In conclusione di questa breve analisi vale la pena soffermarsi su qualche aspetto tecnico del film. Il più evidente è sicuramente quello riguardante l’effetto vertigo. Tale effetto costituisce uno degli elementi portanti della pellicola, e viene realizzato in un modo decisamente innovativo, che vede la sincronia dello zoom all’indietro (creando quindi una profondità maggiore) e una carrellata in avanti. Quando Hitchcock scopre che utilizzare lo zoom e il Dolly per la realizzazione della famosa scena sulla tromba delle scale sarebbe costato cinquantamila dollari, decide di realizzare una tromba delle scale in modellino, appoggiarlo orizzontalmente per terra e fare quindi la ripresa.

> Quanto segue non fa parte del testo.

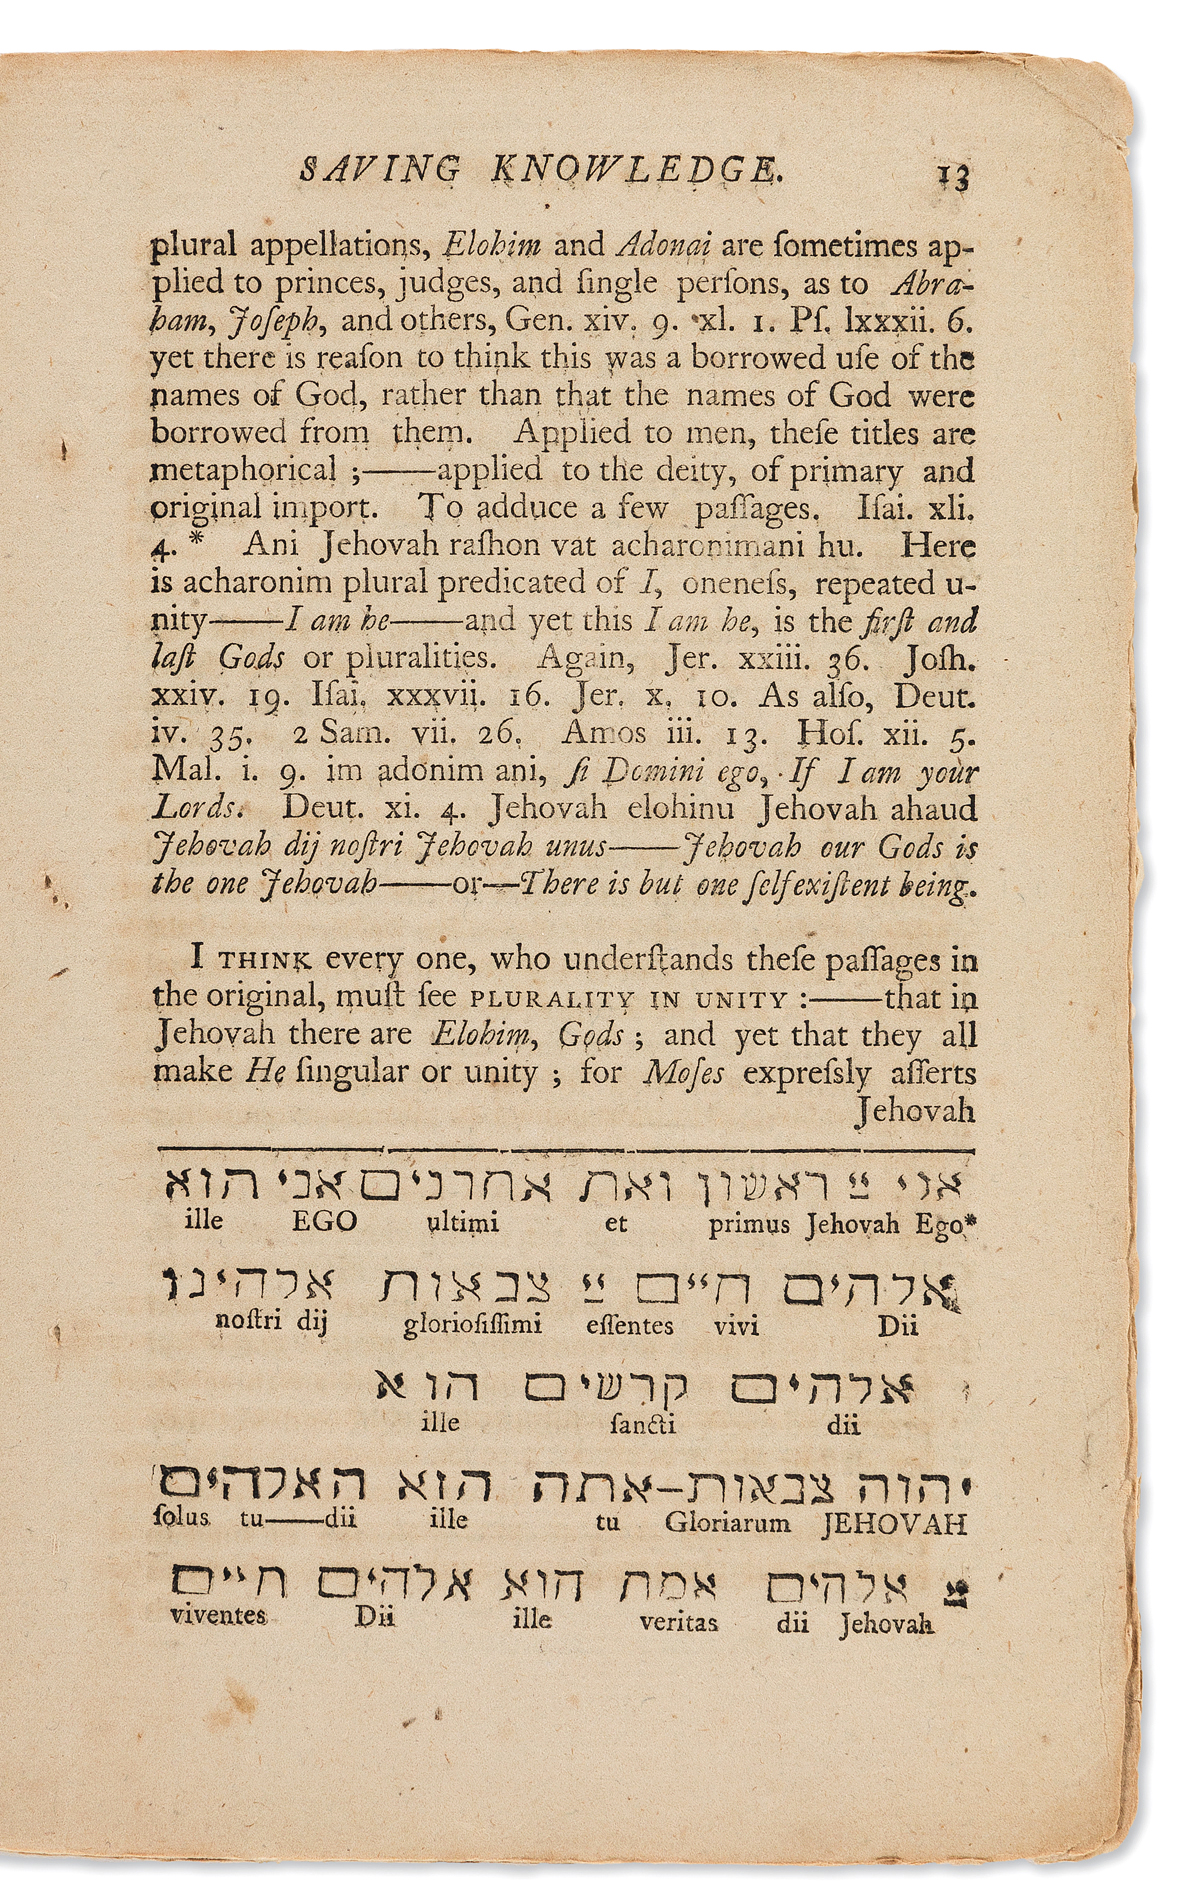 (JUDAICA.) Ezra Stiles. A Discourse on Saving Knowledge: Delivered at the Instalment of the Reverend Samuel Hopkins.

La scena costò diciannovemila dollari. Questo piccolo dettaglio, raccontato dallo stesso regista nell’intervista con Truffaut, è essenziale per inquadrare la personalità ambivalente di Hitchcock. Egli ha anzitutto un dovere nei confronti dell’industria, e ogni idea viene realizzata nei parametri di un sistema di produzione che ha una chiara consapevolezza del mercato e dei suoi doveri.

Lo stesso mercato tuttavia non ha mai impedito al regista britannico di fare cinema nel senso più artistico del termine. Sono tanti i motivi che testimoniano la firma autoriale all’interno del film (come la spirale rotante che emerge fin dai titoli di testa e che richiama il film surrealista di Duchamp Anémic Cinéma). Senza esamnarli tutti, è importante riconoscerne il merito: quello di aver fatto finalmente incontrare il cinema di genere e il cinema d’autore. E di aver mostrato, attraverso la vernice del Technicolor, le paure e i traumi più profondi dell’uomo.


[1] C. Bisoni, La critica cinematografica, un’introduzione, CLUEB, Bologna 2013.

[2] F. Truffaut, Il cinema secondo Hitchcock, Il Saggiatore, Milano 2014, p. 201. 

[3] R. Wood, Hitchcock’s film revisited, Columbia University Press 2002, p. 109.

[4] F. Truffaut, Il cinema secondo Hitchcock, op. cit., p. 202.

[5] R. Wood, Hitchcock’s film revisited, op.cit., p. 122.

[6] F. Truffaut, Il cinema secondo Hitchcock, op. cit., p. 203.